### Data shown
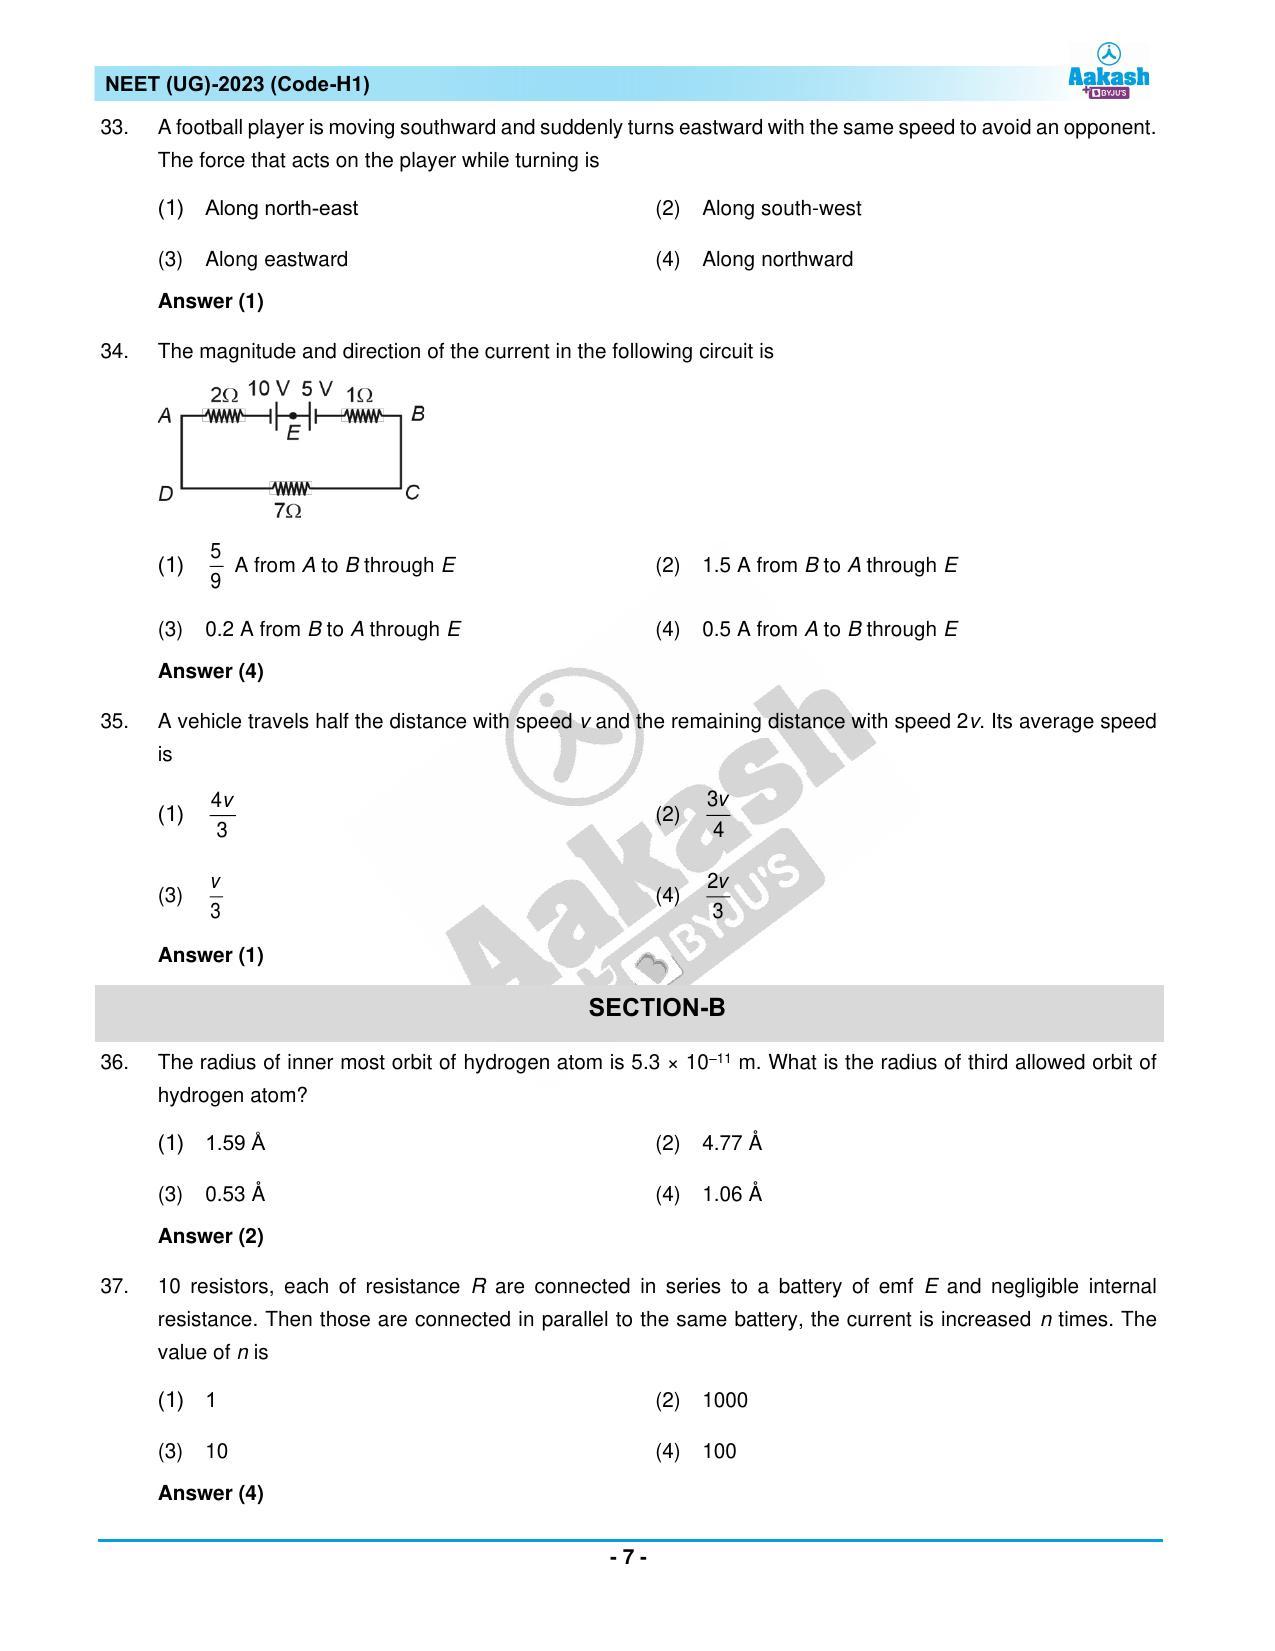 NEET 2023 Question Paper H1 - Page 7
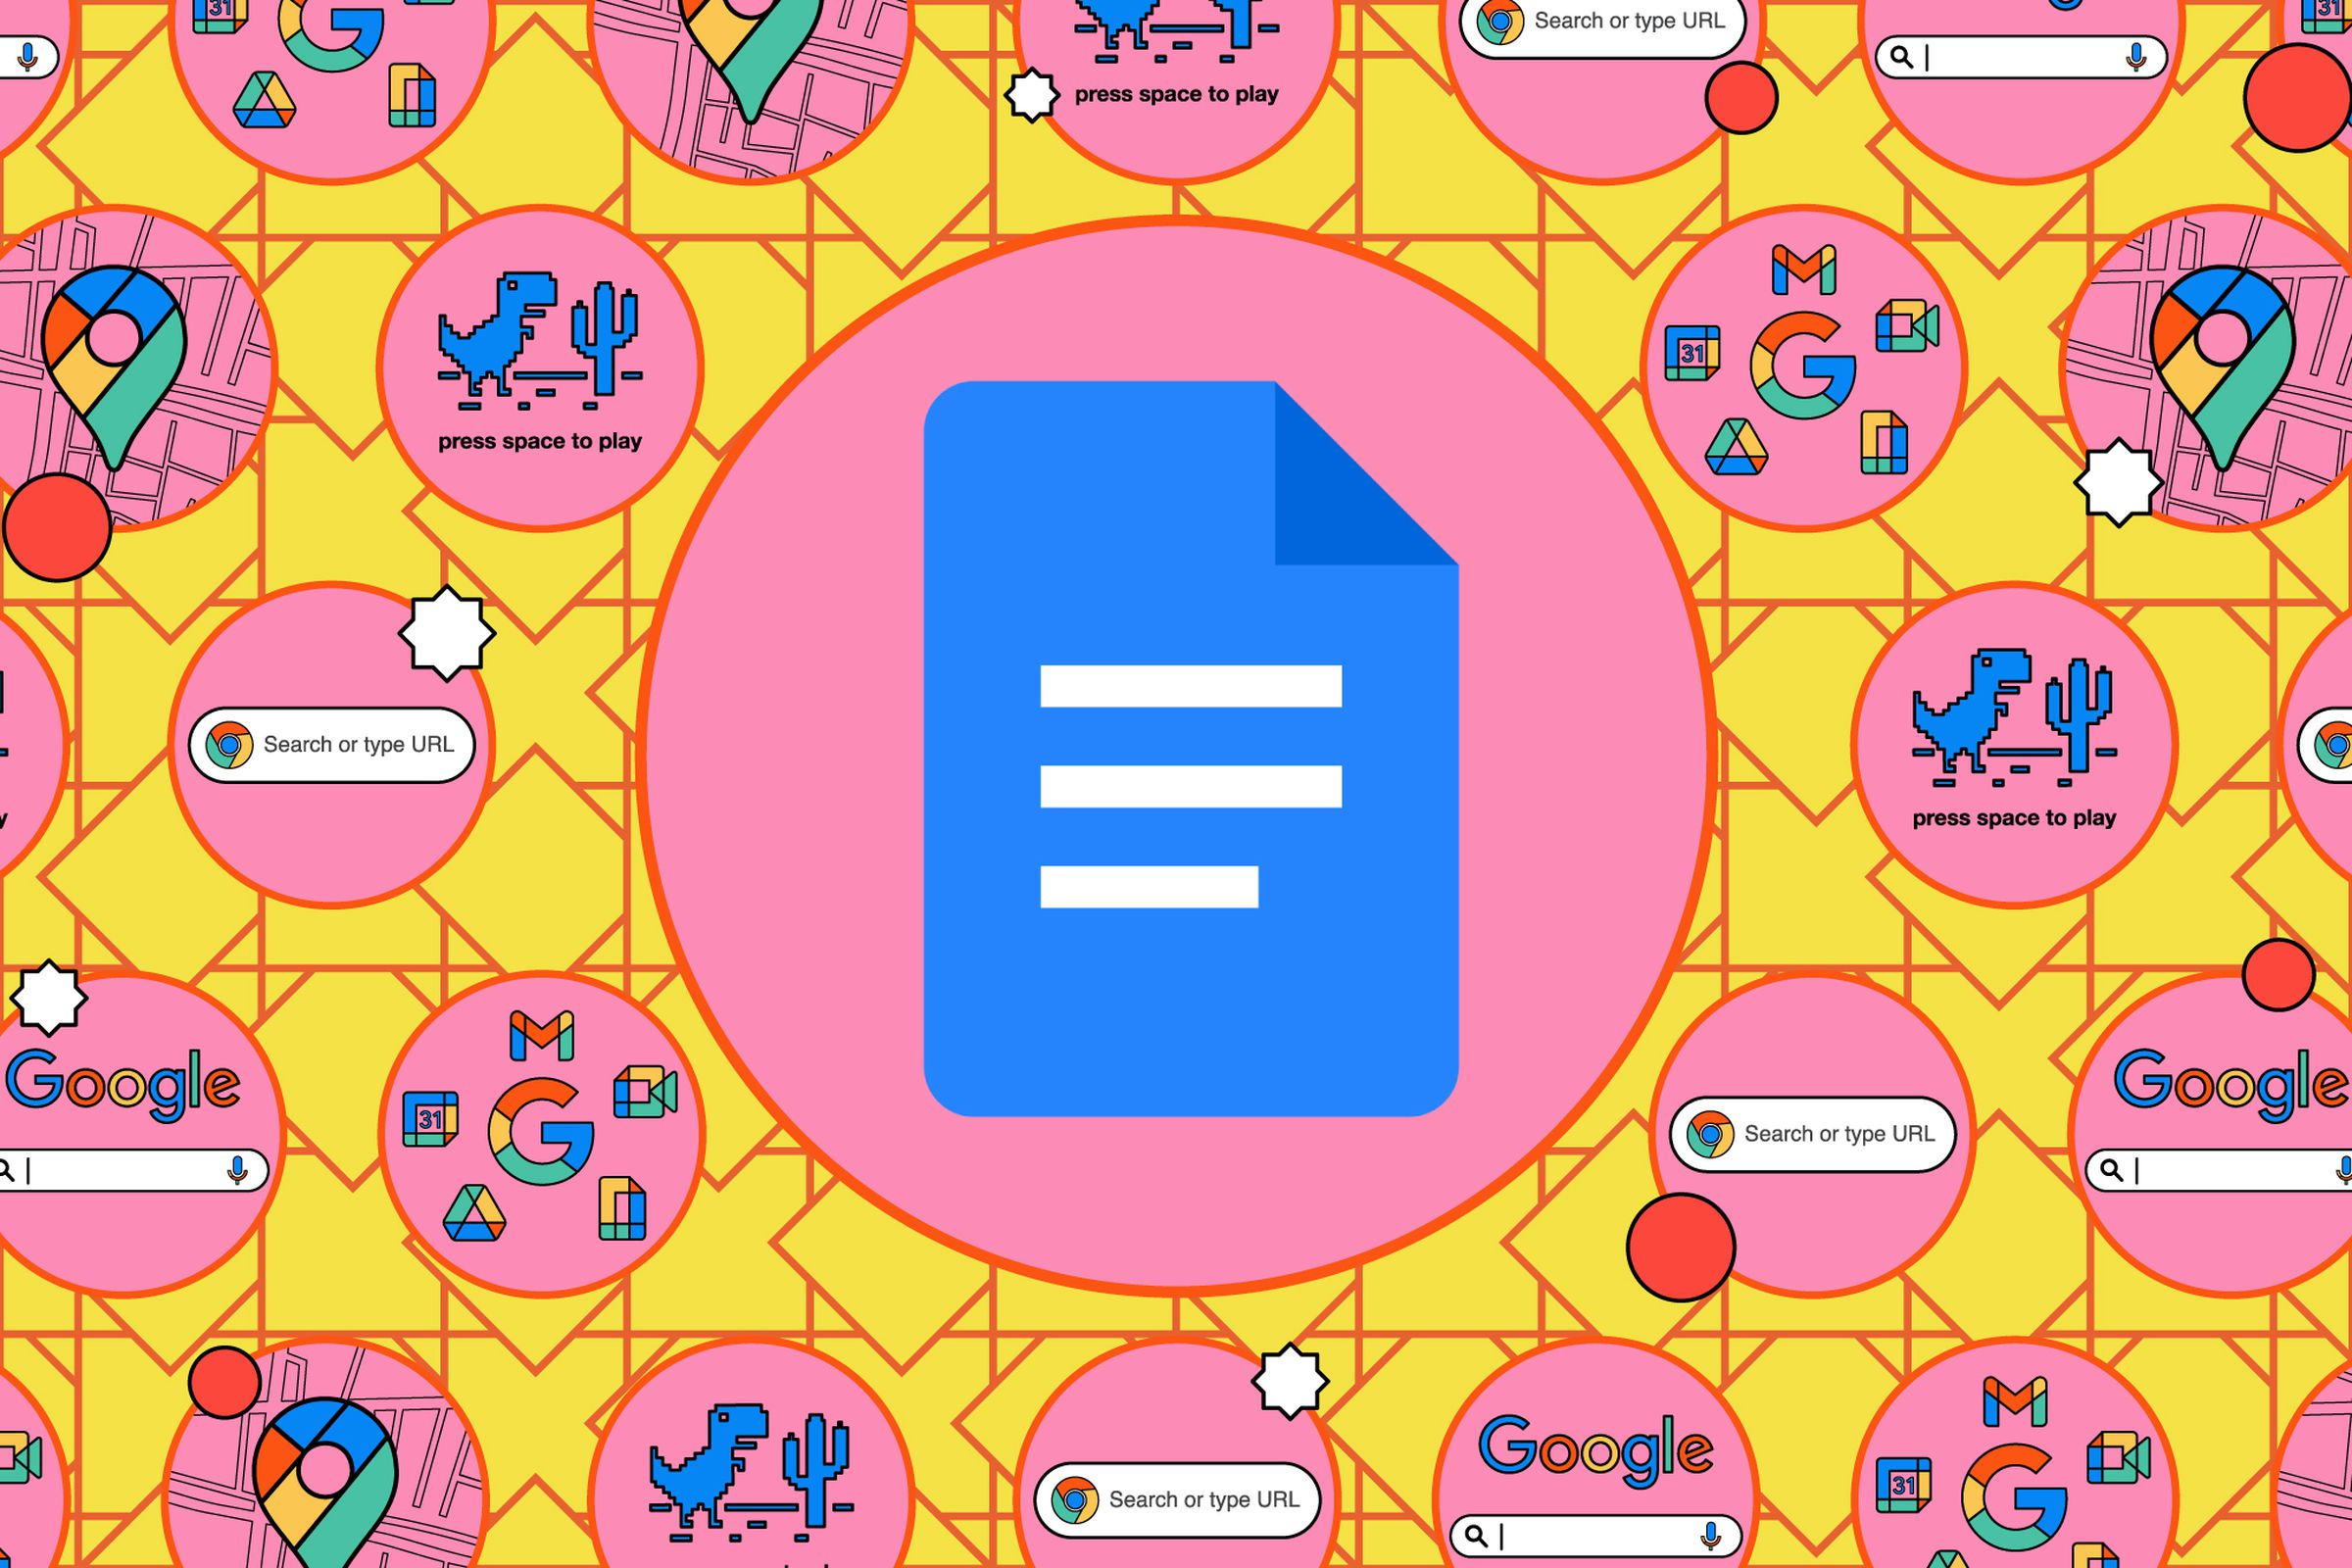 Google Docs icon inside of a pink circle and surrounded by small illustrations.
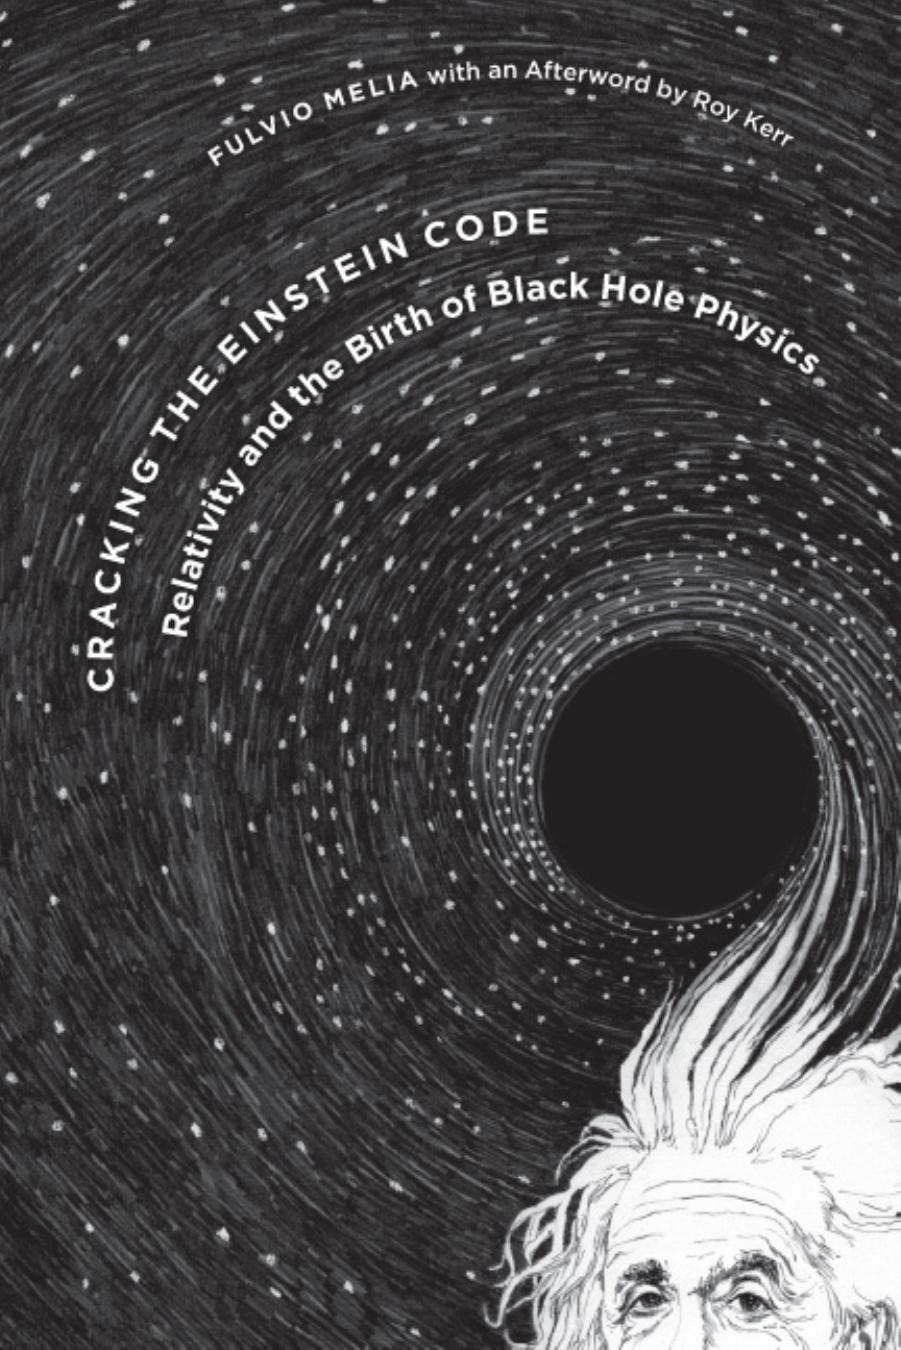 Cracking the Einstein Code: Relativity and the Birth of Black Hole Physics

### Problem to solve
All of the data must be given again exactly, without the pictures.

### Response
 NEET 2023 Question Paper H1 - Page 7
 Google Docs icon inside of a pink circle and surrounded by small illustrations.
 Cracking the Einstein Code: Relativity and the Birth of Black Hole Physics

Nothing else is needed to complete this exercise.